The paper addresses the command-tracking-control-system (CTCS) design problem for plants involving continuous and discrete control input simultaneously. A novel approach based on linear matrix inequalities (LMIs) is proposed and demonstrated to the angle-of-attack (AOA) CTCS of hypersonic reentry vehicle (HRV) driven by a hybrid actuator composed of aerosurfaces and reaction control system (RCS). Firstly, the longitudinal nonlinear dynamics model of HRV and the mathematical model of RCS are established, and then the model of the hybrid actuator is described. Secondly, a general command tracking problem is converted to a regulation problem by constructing a deviation system. And the characteristics of the hybrid actuator is considered and modeled definitely based on some modified sector conditions.
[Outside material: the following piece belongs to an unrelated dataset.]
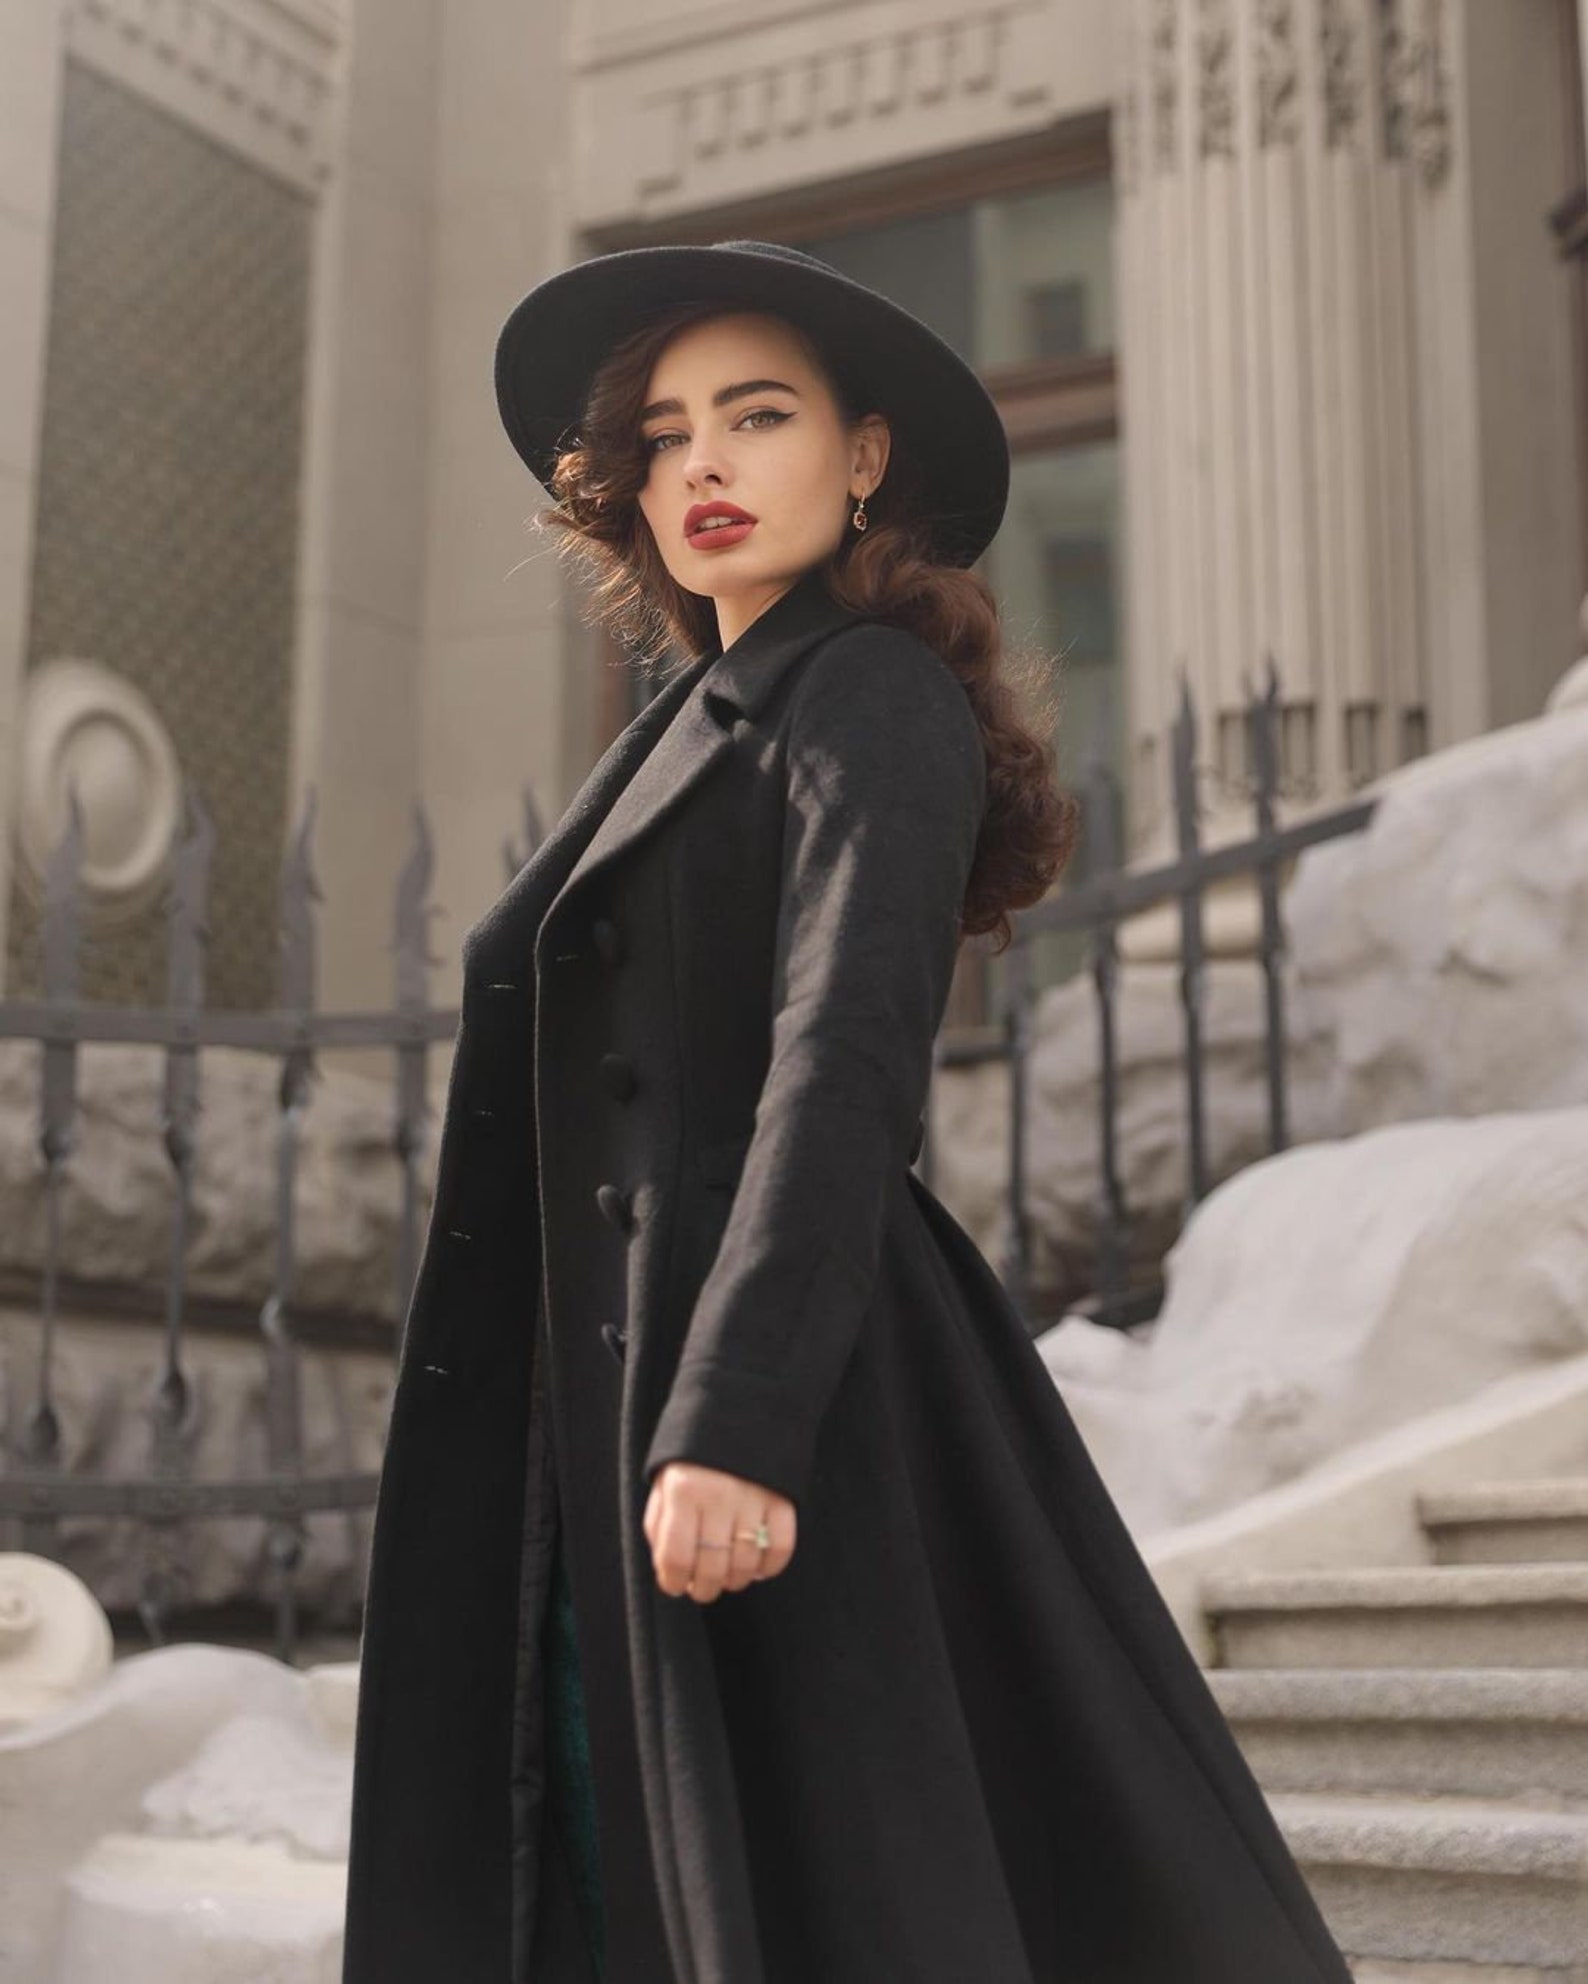 Vintage Inspired Long Wool Coat in Black Winter Fall Wool | Etsy

Then, the CTCS with hybrid actuator is designed by solving a LMIs-based convex optimization problem. Furthermore, the stability performance of the closed-loop CTCS is evaluated and the formulation of the domain of attraction is derived. And the relationship between the size of stability domain and the magnitude of reference command is also discussed. Finally, the proposed approach is applied to the AOA-CTCS of HRV driven by aerosurfaces and RCS, and different sizes and locations of the stability regions are illustrated with different magnitudes of AOA reference command. Validation simulations are carried out by using the longitudinal nonlinear dynamics models of HRV. The research results demonstrate that the proposed LMIs-based approach is well suited for the AOA-CTCS design for HRV driven by aerosurfaces and RCS.